Mean SNR loss on the quicksin at pre- and post-test by the trained and control native English speaking subjects. Trained subjects showed a significant improvement on their ability to perceive speech in noise, whereas control subjects did not. Error bars are standard error of the mean.

The reading span data were entered into a separate 2 (group: trained vs control) × 2 (session: pre- vs post-test) mixed ANOVA. We again found the expected interaction of group and session, F(1,21) = 7.61, p = 0.01, shown in Fig. 6. Planned t-tests revealed that the trained group improved on the reading span measure, t(11) = 3.46, p = 0.005 (pre-test M = 6.33 words, post-test M = 7.42 words), but the control group did not, t(10) = 0.32, p = 0.76 (pre-test M = 6.09 words, post-test M = 6.00 words).

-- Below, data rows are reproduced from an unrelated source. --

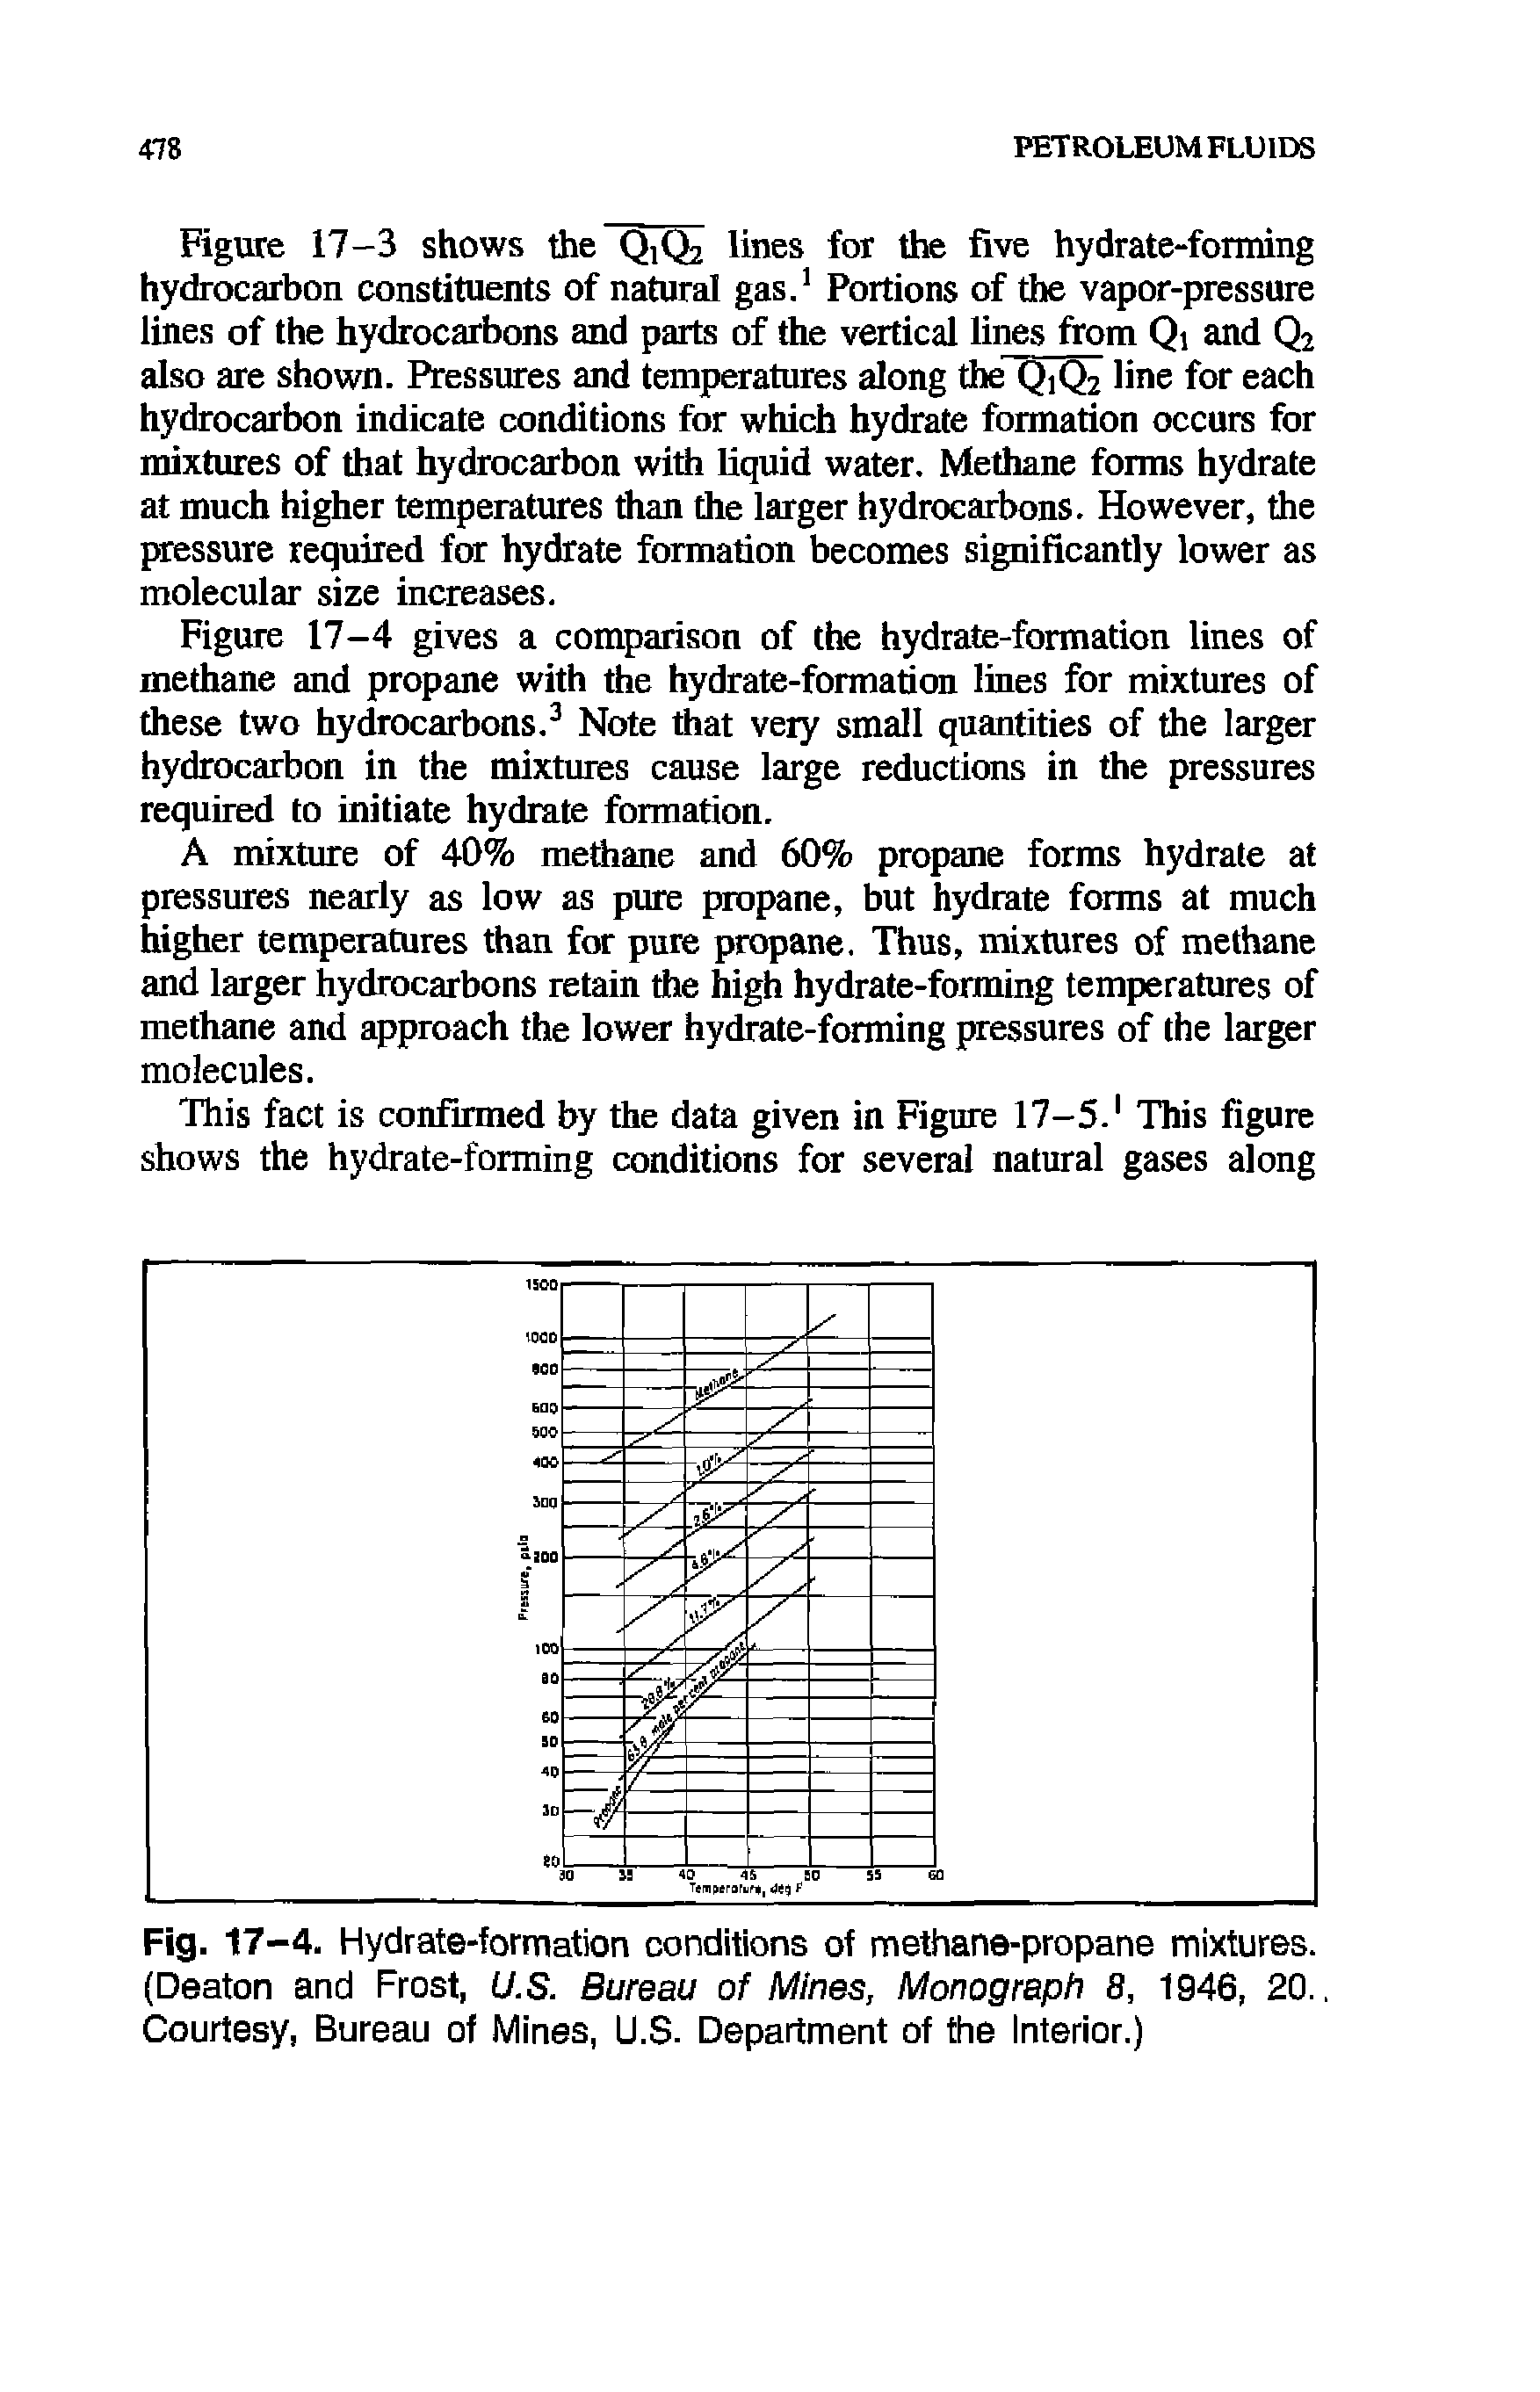 Fig. 17-4. Hydrate-formation conditions of methane-propane mixtures. (Deaton and Frost, U.S. Bureau of Mines, Monograph 8, 1946, 20.. Courtesy, Bureau of Mines, U.S. Department of the Interior.)...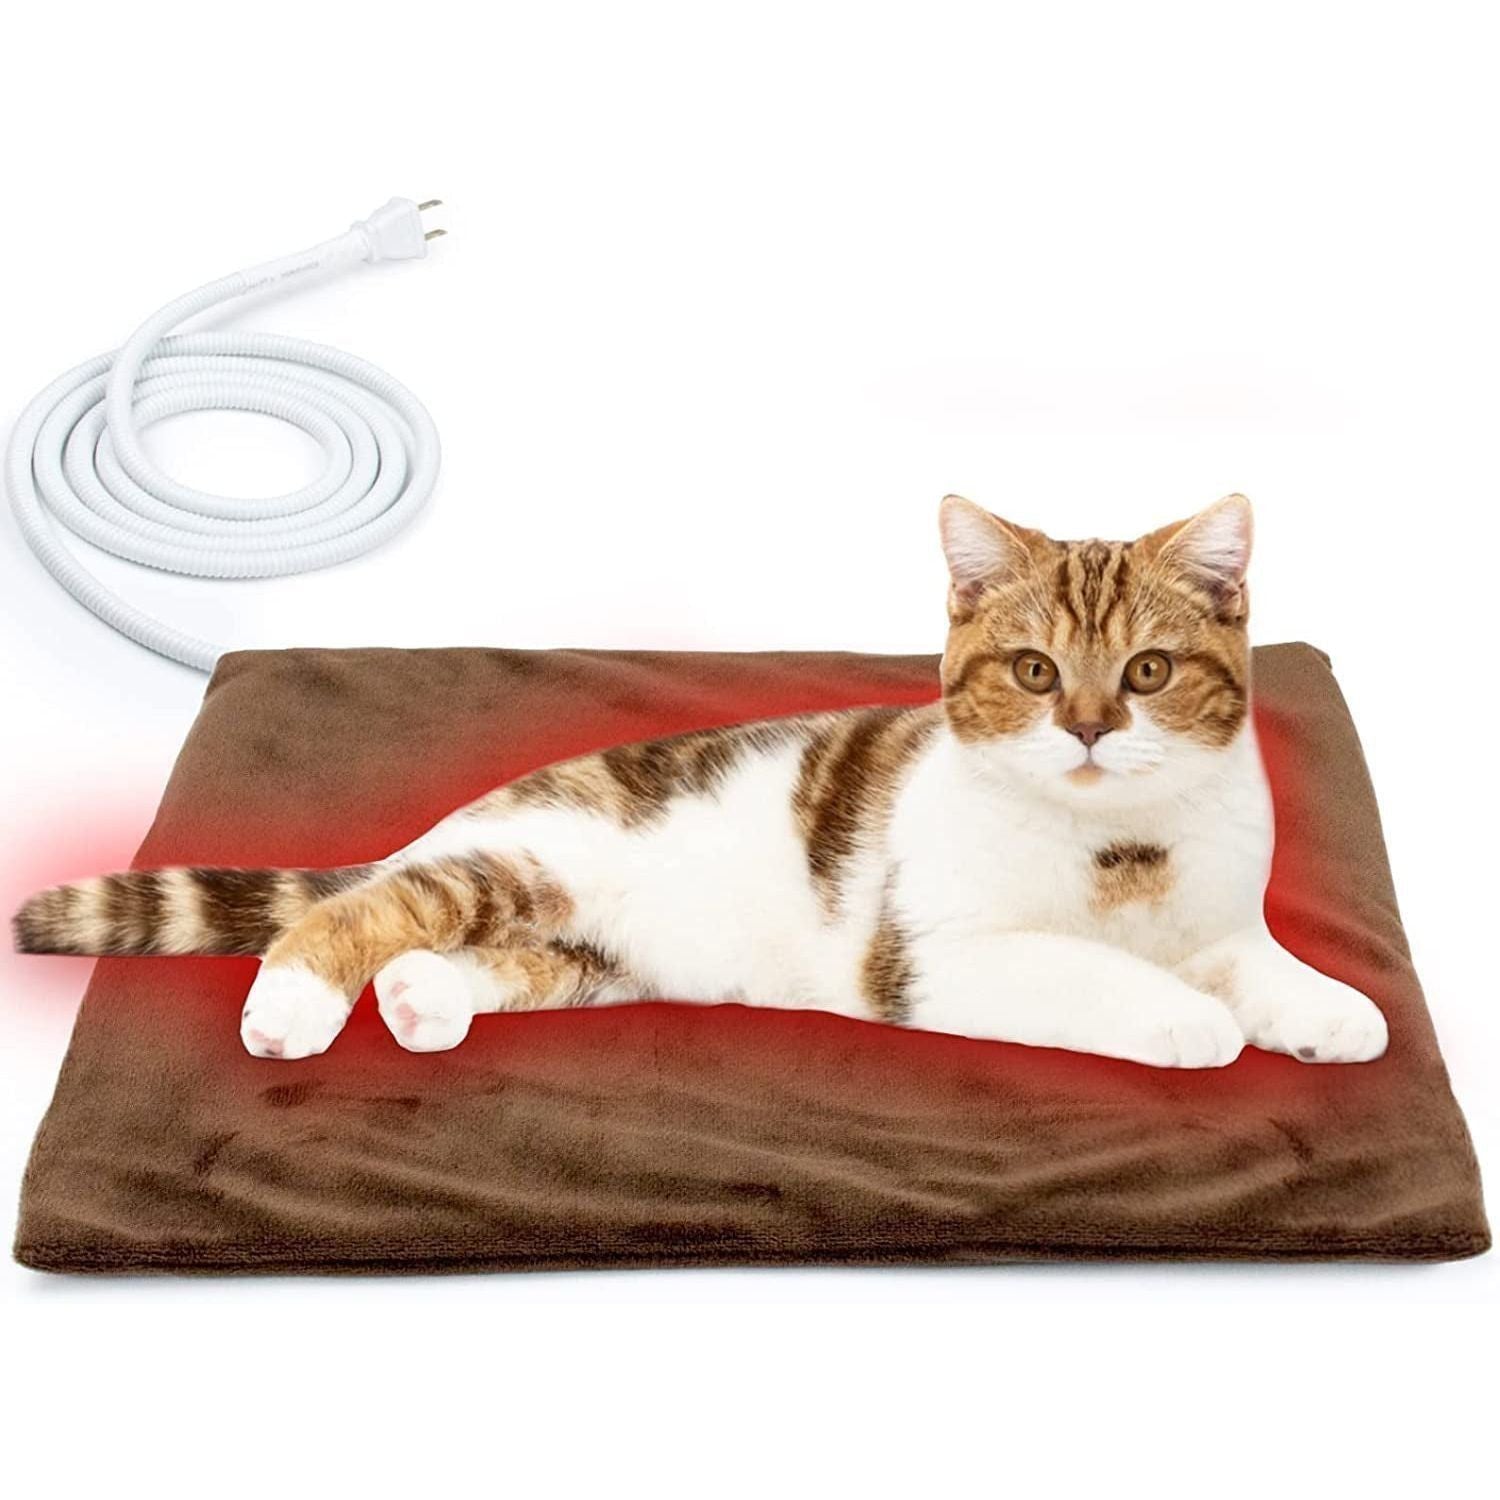 Pet Heating Pad, Safe Electric Heating Pad for Dogs and Cats Indoor Warming Pad with Auto Constant Temperature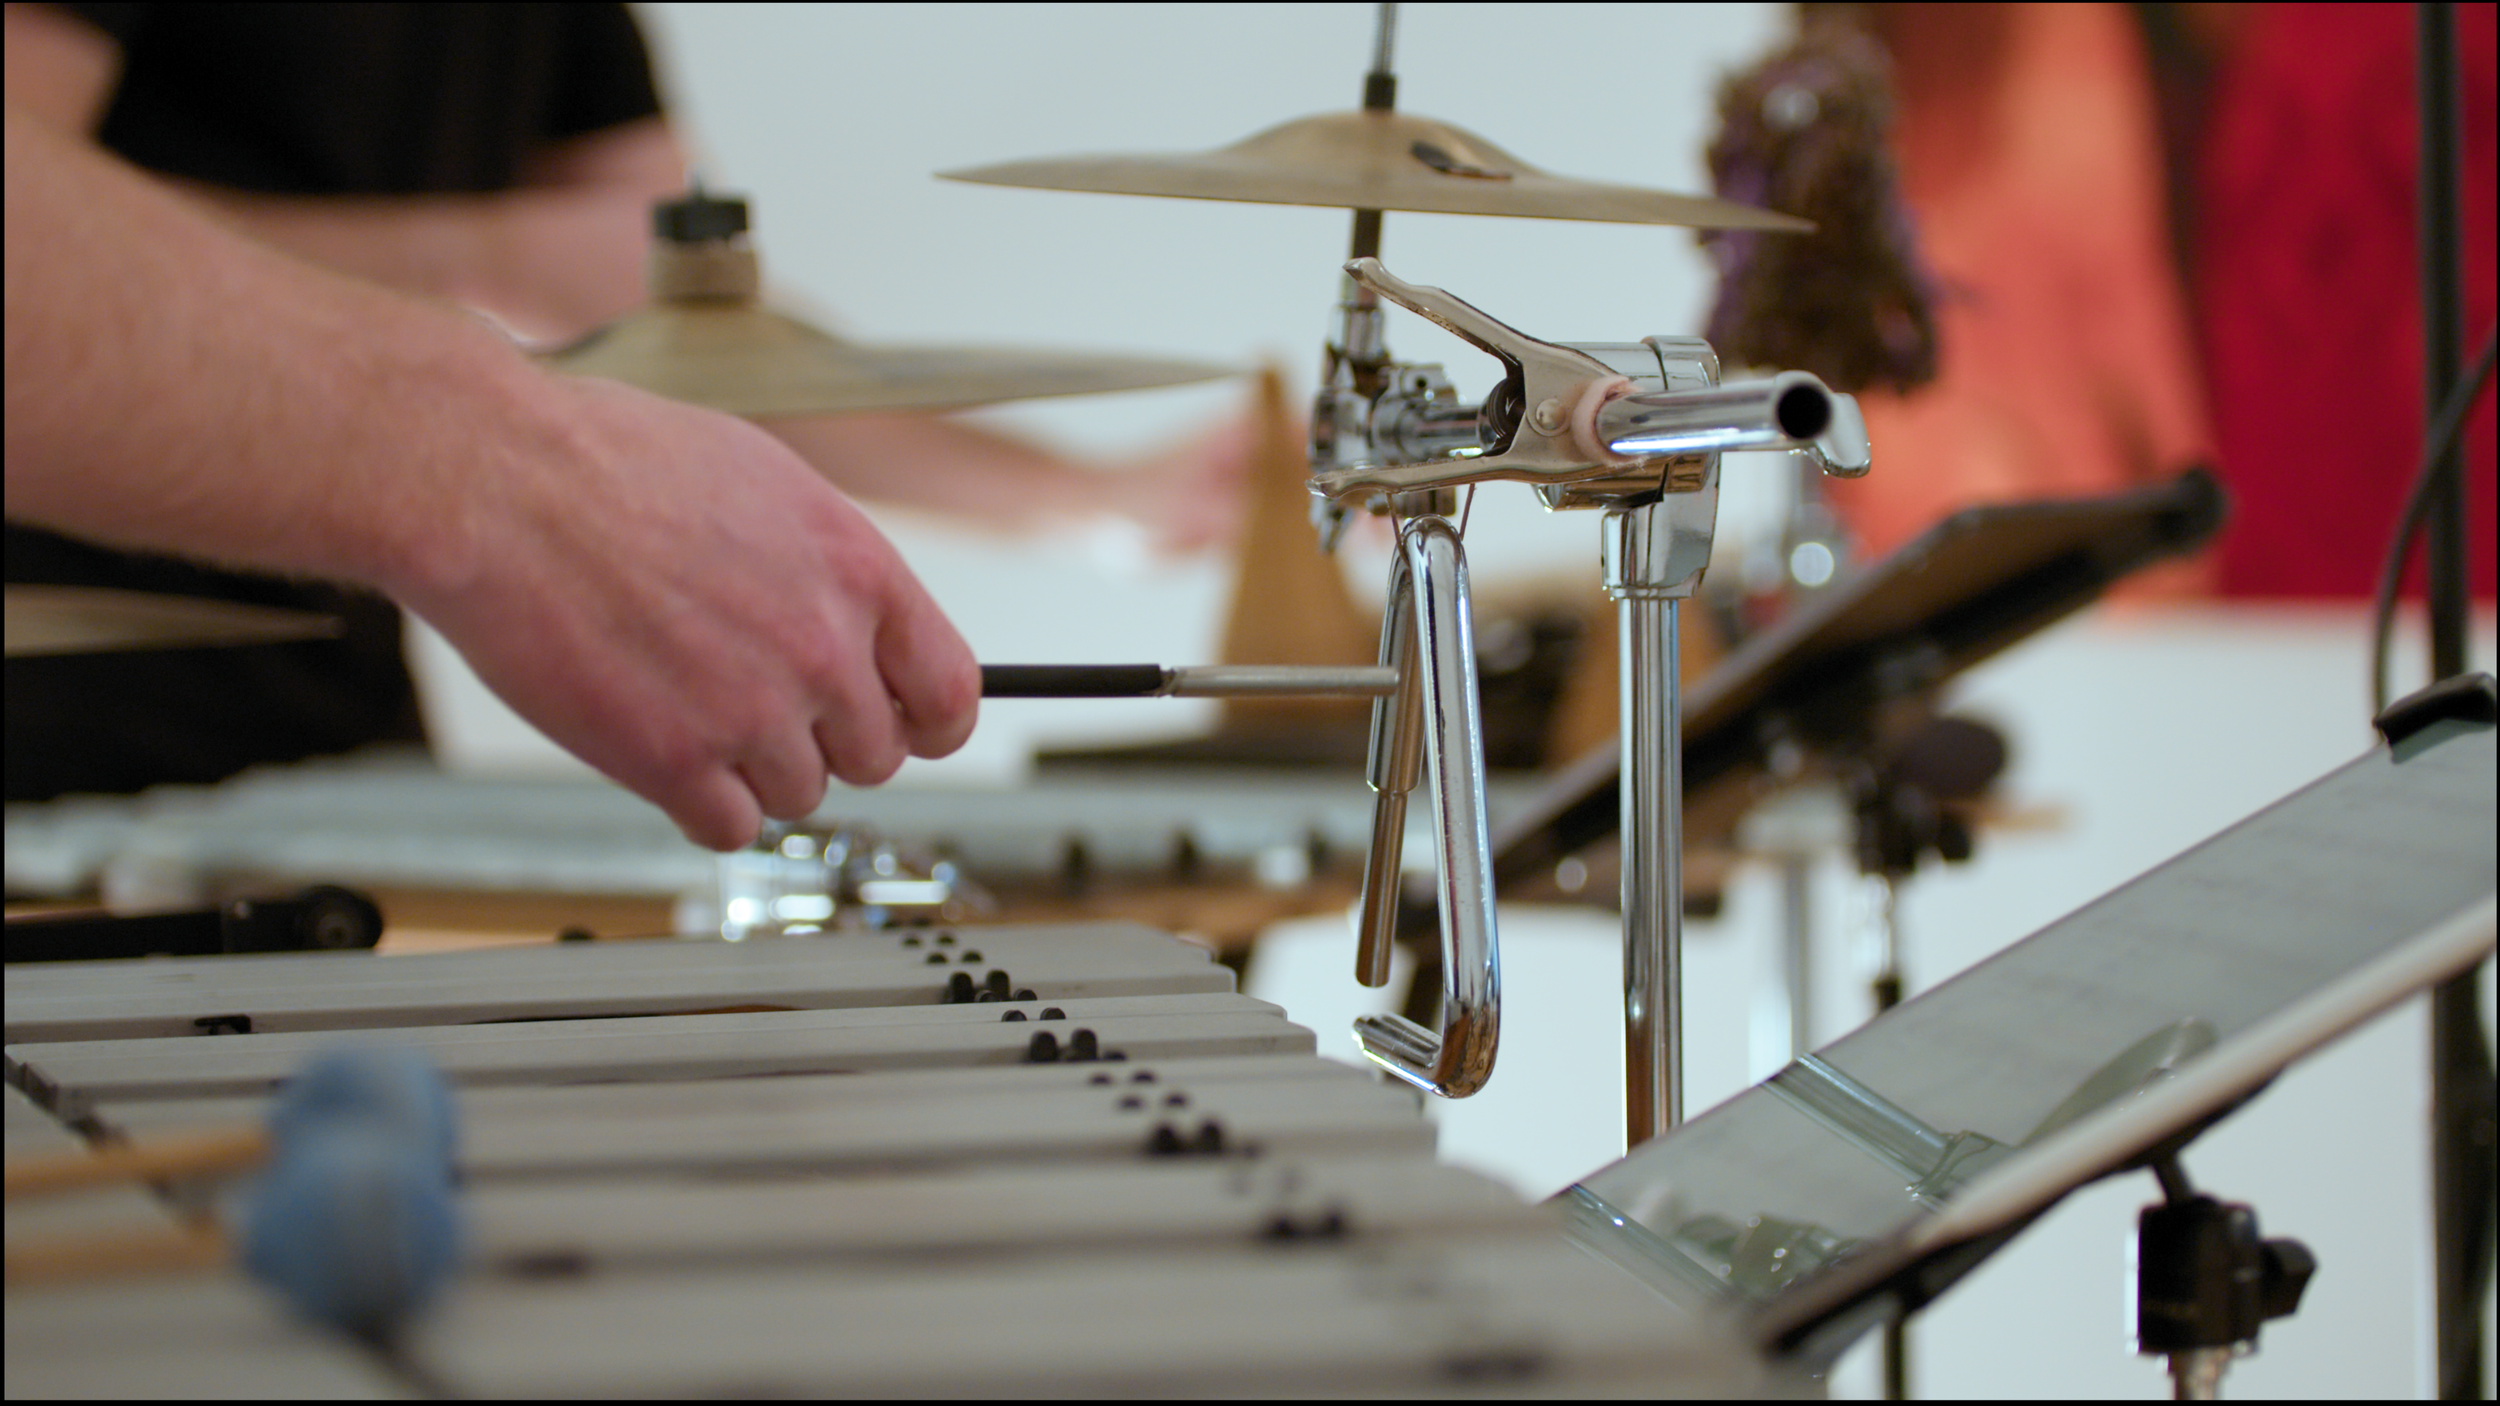 6. A close-up image of a percussionist playing a silver metal triangle with a metal triangle beater.

The main effects of group F(1,21) = 9.44, p = 0.005, and session, F(1,21) = 6.02, p = 0.02, were also significant, but these main effects should be interpreted with an eye to the significant interaction.

FIG. 6.

FIG. 6.

Mean reading span performance by the native English speaking subjects. Trained subjects significantly increased their reading spans following training, whereas there was no change in control spans at posttest. Error bars are standard error of the mean.

To compare the results from our English-speaking listeners to those from our Mandarin-speaking listeners, we converted the QuickSIN results from SNR loss to SRT-50 (Killion et al., 2004). Because the M-HINT starts at −4 dB SNR then adapts the presentation level based on the listener's performance, whereas the QuickSIN starts at 25 dB SNR then changes the SNR level in 5 dB decrements, comparisons across language groups were made using gain scores, shown in Fig. 7. For trained groups, no significant differences were found between Mandarin- and English-speaking listeners' gains in speech perception in noise, t(25) = 0.222, p = 0.83 (Mandarin RTS M = −0.84 dB SNR; English SRT-50 M = −0.75 dB SNR), or reading span, t(25) = 0.710, p = 0.48 (Mandarin M = 1.47 words; English M = 1.08 words). The control groups also showed no difference on gains in speech perception in noise, t(23) = 1.71, p = 0.10 (Mandarin RTS M = −0.28 dB SNR; English SRT−50 M = 0.42 dB SNR), nor on reading span gains, t(23) = 0.728, p = 0.047 (Mandarin M = 0.14 words; English M = −0.09 words).

FIG. 7.

FIG. 7.

Gain scores for both the Mandarin- and English-speaking subjects for both the speech-in-noise and reading-span tasks. To compare gain scores across groups, English-speakers' quicksin performance, measured in SNR loss, was converted to SRT. There were no significant differences in performance gain for trained or control listeners on either task. Error bars are standard error of the mean.

C. Discussion

As with the Mandarin speakers, we again saw significant gains on training, reading span, and speech perception in noise performance. In addition, this second experiment supports our hypothesis that using digits as training materials is easily transferable among languages as speech perception gains of similar magnitudes were seen in both Mandarin and English listeners.

IV. GENERAL DISCUSSION

Difficulties perceiving speech in noisy situations are a relatively common complaint, exhibited by older adults with normal hearing, hearing aid users, and users of cochlear implants. Faced with growing numbers of older adults and limitations in hearing technologies, research has turned to rehabilitative possibilities to improve speech perception in noise. Noting that listeners with greater working memory capacity showed better speech perception in noise (Foo et al., 2007; Lunner and Sundewall-Thorén, 2007), we hypothesized that training working memory capacity would be associated with improved speech perception in noise.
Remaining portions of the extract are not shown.